6.Releases. In consideration of the foregoing, upon closing of the sale of the Preferred Stock to the purchasers pursuant to that certain Purchase Agreement dated as of the date hereof (the “Purchase Agreement”), and the execution and delivery of the Working Capital Agreement and Consent dated as of the date hereof by Holder and the Company (the “Working Capital Agreement”), Holder releases and discharges Company, Company’s officers, directors, principals, control persons, past and present employees, insurers, successors, and assigns (“Company Parties”) from all actions, cause of action, suits, debts, dues, sums of money, accounts, reckonings, bonds, bills, specialties, covenants, contracts, controversies, agreements, promises, variances, trespasses, damages, judgments, extents, executions, claims, and demands whatsoever, in law, admiralty or equity, which against Company Parties ever had, now have or hereafter can, shall or may, have for, upon, or by reason of any matter, cause or thing whatsoever, whether or not known or unknown, arising under the Exchange Securities. It being understood that this Section shall be limited in all respects to only matters arising under or related to the Exchange Securities and shall under no circumstances constitute a release, waiver or discharge with respect to the Preferred Stock or any Exchange Agreement or limit the Holder from taking action for matters with respect to the Working Capital Agreement, the Preferred Stock, or any Exchange Document or events that may arise in the future.

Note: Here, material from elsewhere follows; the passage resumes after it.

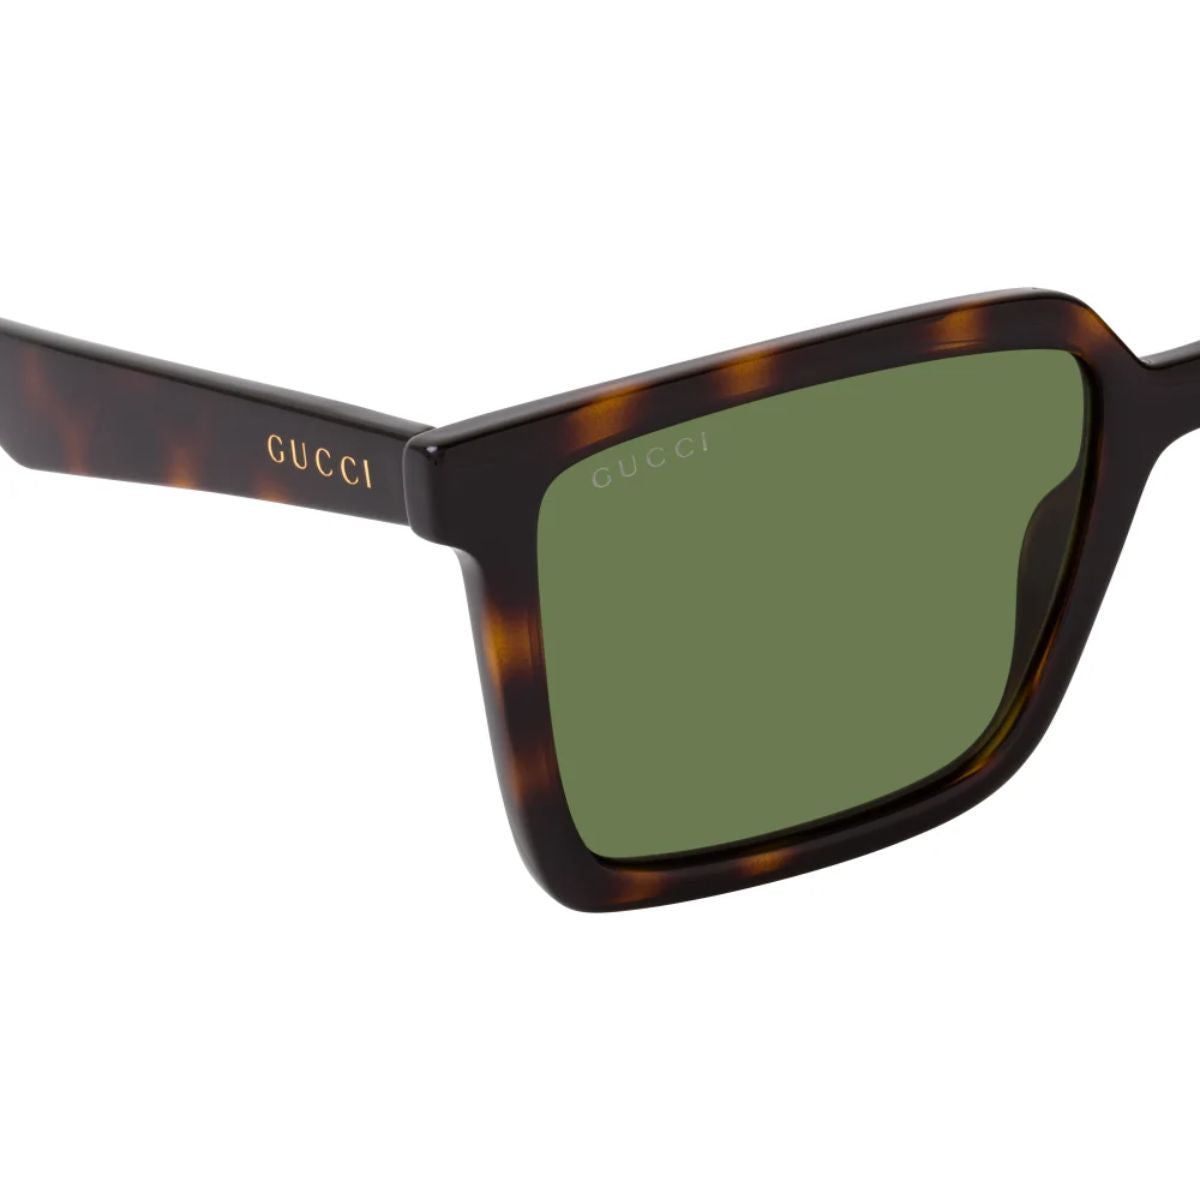 "Gucci Spectacles: Shop the Trendiest 1540S 002 Sunglasses for Men at Optorium"

Company releases and discharges Holder, Holder’s officers, directors, principals, control persons, past and present employees, insurers, successors, and assigns (“Holder Parties”) from all actions, cause of action, suits, debts, dues, sums of money, accounts, reckonings, bonds, bills, specialties, covenants, contracts, controversies, agreements, promises, variances, trespasses, damages, judgments, extents, executions, claims, and demands whatsoever, in law, admiralty or equity, which against Holder Parties ever had, now have or hereafter can, shall or may, have for, upon, or by reason of any matter, cause or thing whatsoever, whether or not known or unknown, arising under the Exchange Securities. It being understood that this Section shall be limited in all respects to only matters arising under or related to the Exchange Securities and shall under no circumstances constitute a release, waiver or discharge with respect to the Preferred Stock or any Exchange Agreement or limit the Company from taking action for matters with respect to the Purchase Agreement, the Working Capital Agreement, the Preferred Stock, or any Exchange Document or events that may arise in the future.
7.Miscellaneous.
a. Successors and Assigns. This Agreement shall be binding upon and inure to the benefit of the parties and their respective successors and assigns.
b. Governing Law; Jurisdiction; Waiver of Jury Trial. This Agreement shall be governed by and construed under the laws of the State of Nevada without regard to the choice of law principles thereof. Each party hereby irrevocably submits to the exclusive jurisdiction of the state and federal courts sitting in New York County, New York for the adjudication of any dispute hereunder or in connection herewith or therewith or with any transaction contemplated hereby or thereby, and hereby irrevocably waives any objection that such suit, action or proceeding is brought in an inconvenient forum or that the venue of such suit, action or proceeding is improper. Nothing contained herein shall be deemed to limit in any way any right to serve process in any manner permitted by law. EACH PARTY HEREBY IRREVOCABLY WAIVES ANY RIGHT IT MAY HAVE, AND AGREES NOT TO REQUEST, A JURY TRIAL FOR THE ADJUDICATION OF ANY DISPUTE HEREUNDER OR IN CONNECTION WITH OR ARISING OUT OF THIS AGREEMENT OR ANY TRANSACTION CONTEMPLATED HEREBY.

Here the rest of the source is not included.